In AIIM's annual State of the Intelligent Information Management Industry report published in April 2022, we found that 38% of organizations do not make the distinction between information and data, while 45% still do.
Here are some real quotes from survey respondents from the 38% of organizations that don't make a distinction between data and information:
“Data is raw while information is analyzed data with insights for business.”
“Information is amassed in reports that are understandable to the users. Data is just ‘out there’; it may or may not be integrated into the organization.”
“Data includes the individual pieces that make up information and that is most often viewed as systems-related and in the hands of technology while information is what the business user needs.”
“We are looking at info packages in context; it does not matter if it’s data or information or both.”
“We have definitely improved our alignment with the business through the increased use of analytics.”
“We’ve been able to make huge strides in the use of our data and data analytics to really tell our story internally, which in turn drives program acceptance.”
Meanwhile, the 45% of organizations that do make a distinction between data and information refer to data as being the sole purview of IT.
“Information management does not make a distinction. IT does, and believes they are best equipped to manage data. The distinction they’ve made is information means records, anything else is simply data.”
“Information is for compliance and data is for enablement.”
“IT prioritizes data in all areas mentioned and barely recognizes information to be the same.”
“Information is generally still seen in everyone’s mind as a paper file folder at a desk that just needs to be thrown in a bin when it piles up.”
Interestingly, although perhaps not surprisingly, our research suggests key differences between the information management teams at organizations that do make a distinction between content and data and those that don't.
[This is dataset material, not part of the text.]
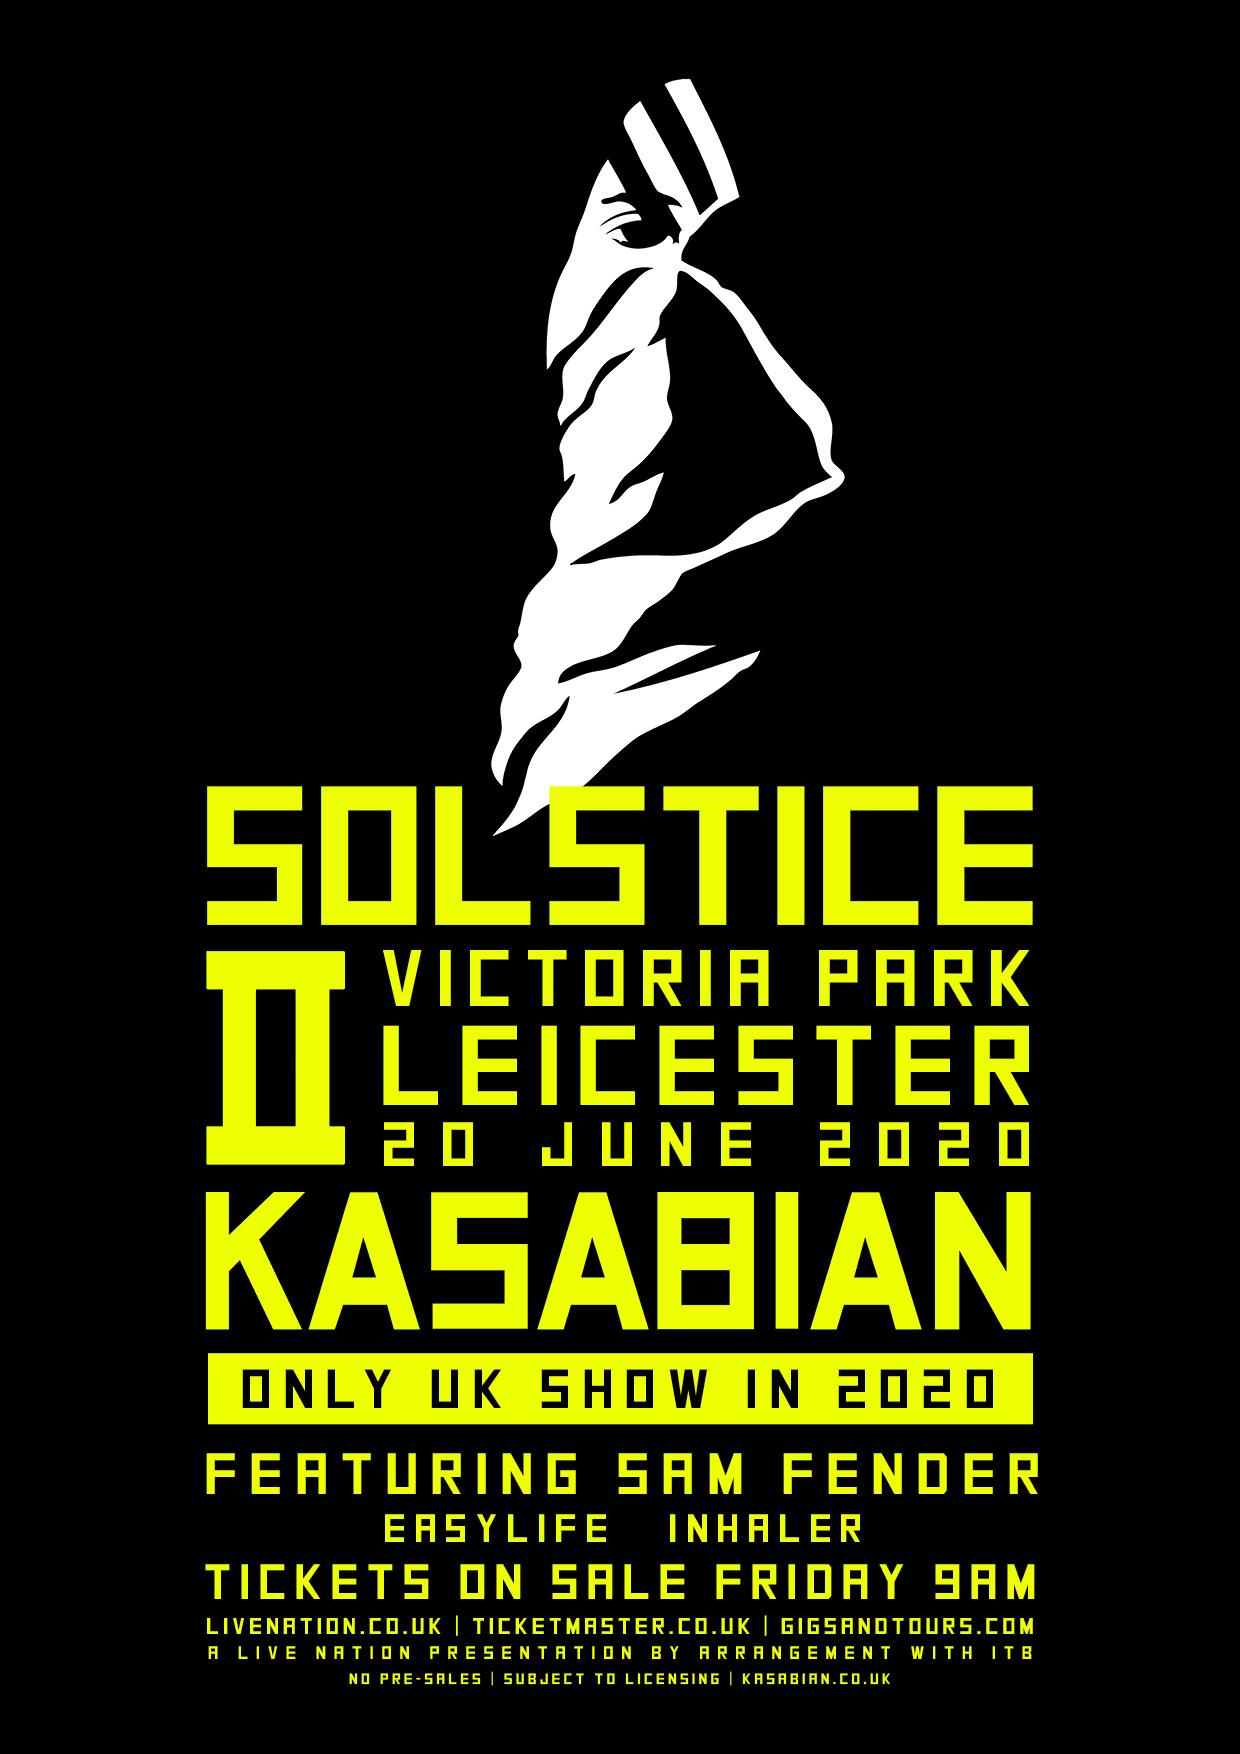 Kasabian announce huge hometown 2020 show

The information management teams that manage content separate from data are focused more squarely on compliance, and the information management strategy is not aligned with the business strategy. Meanwhile, the information management teams that work alongside IT to manage content and data together prioritize their internal and external customers' experiences and have an information management strategy that is aligned with the business strategy.
This correlation will need to be explored further in future AIIM research, but one can start to form a hypothesis.
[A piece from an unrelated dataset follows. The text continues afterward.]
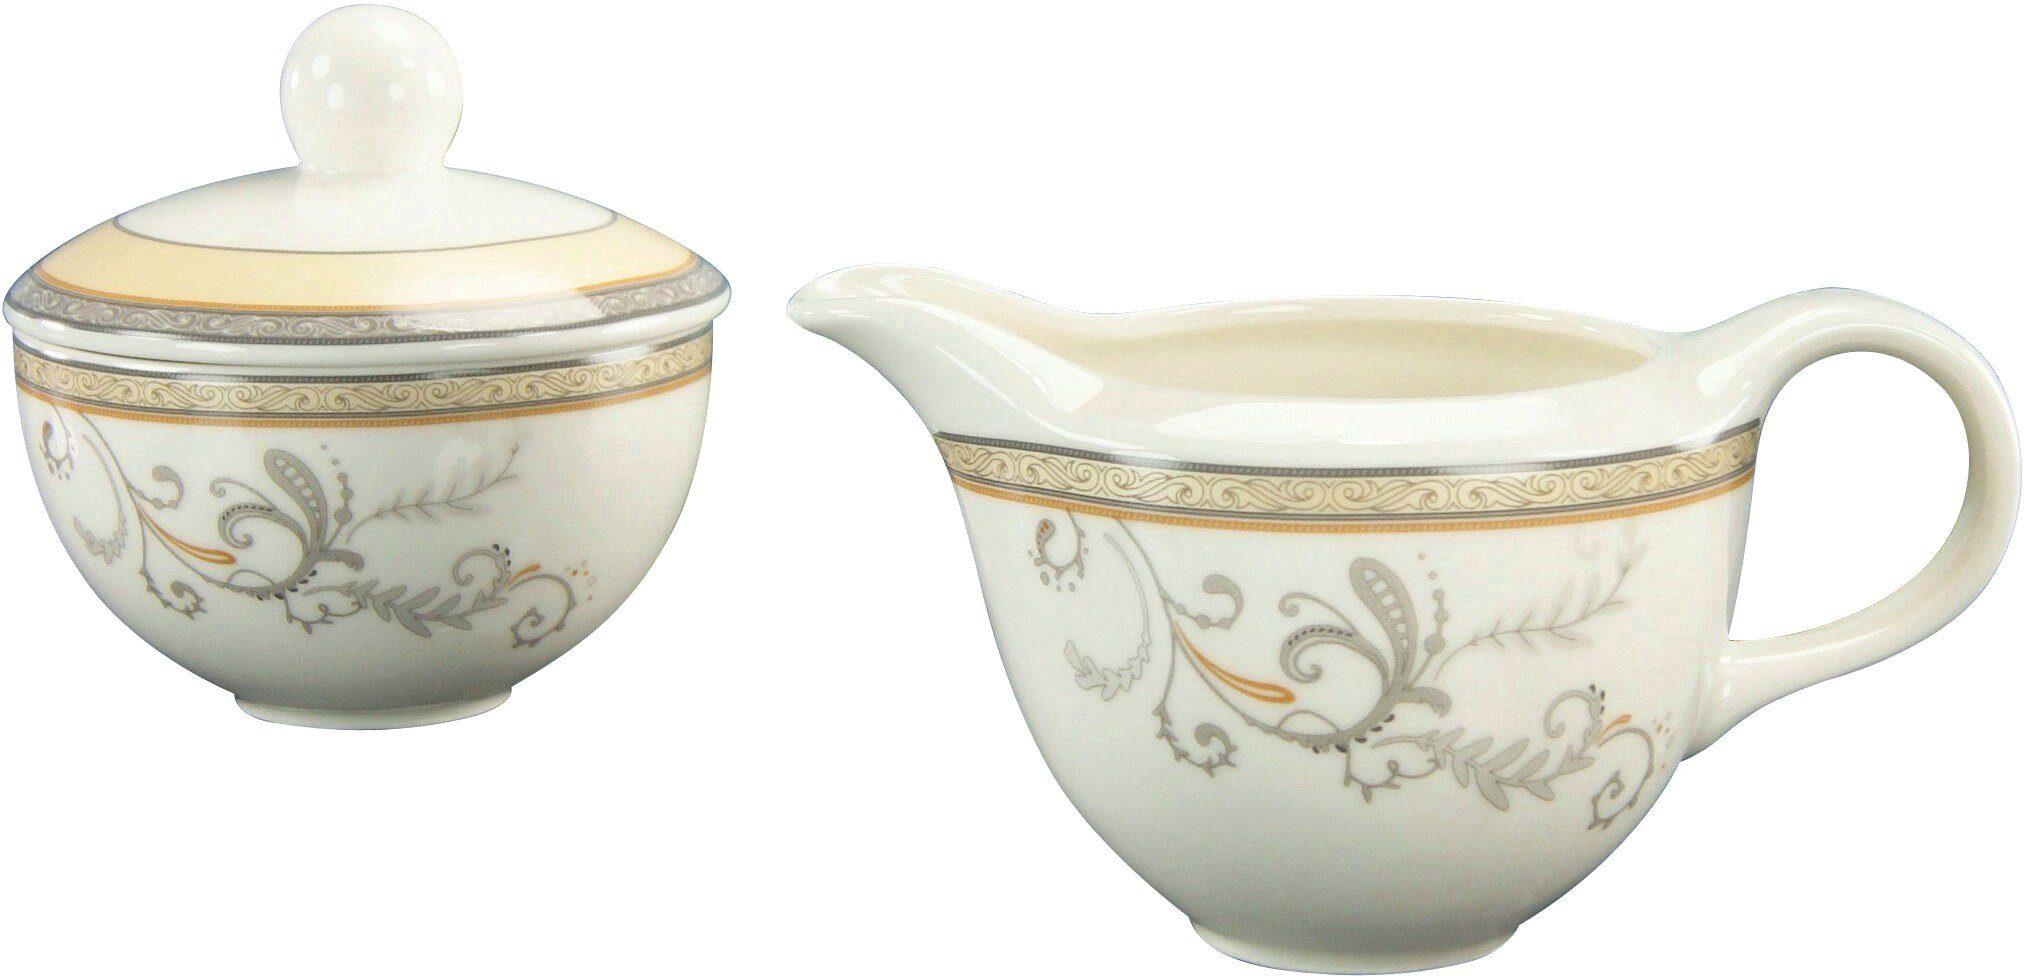 CreaTable Milch/Zucker-Set, Premium-Porzellan, »Villa Medici«

In April 2022, I sat in on a number of roundtables at The AIIM Conference, where two common pain points emerged.
Getting users to comply with information management policies was hard.
Getting executives to support information management initiatives was even harder.
Earlier, we'd acknowledged that different functions have their own definitions of data and content. Business executives and line-of-business types, most notably, are using data and information interchangeably. Often, they're not using the word content at all.
If information management teams want to improve policy compliance and gain support from the c-suite, a good place to start might be to speak in terms they understand. The findings of AIIM's 2022 State of the Intelligent Information Management Industry report seem to suggest some benefit in adopting the language our key stakeholders are already using versus trying to make them fluent in ours.
Still, others disagree, and there's likely an equally compelling case for maintaining the distinction.
Clearly, this is an important dialogue to continue within the extended AIIM community to decide if our convenient distinction between what is meant by structured and unstructured information still holds up. Do we need to revisit our long-held definitions of these terms, or should we give in and use them as interchangeably as our executives and internal customers do?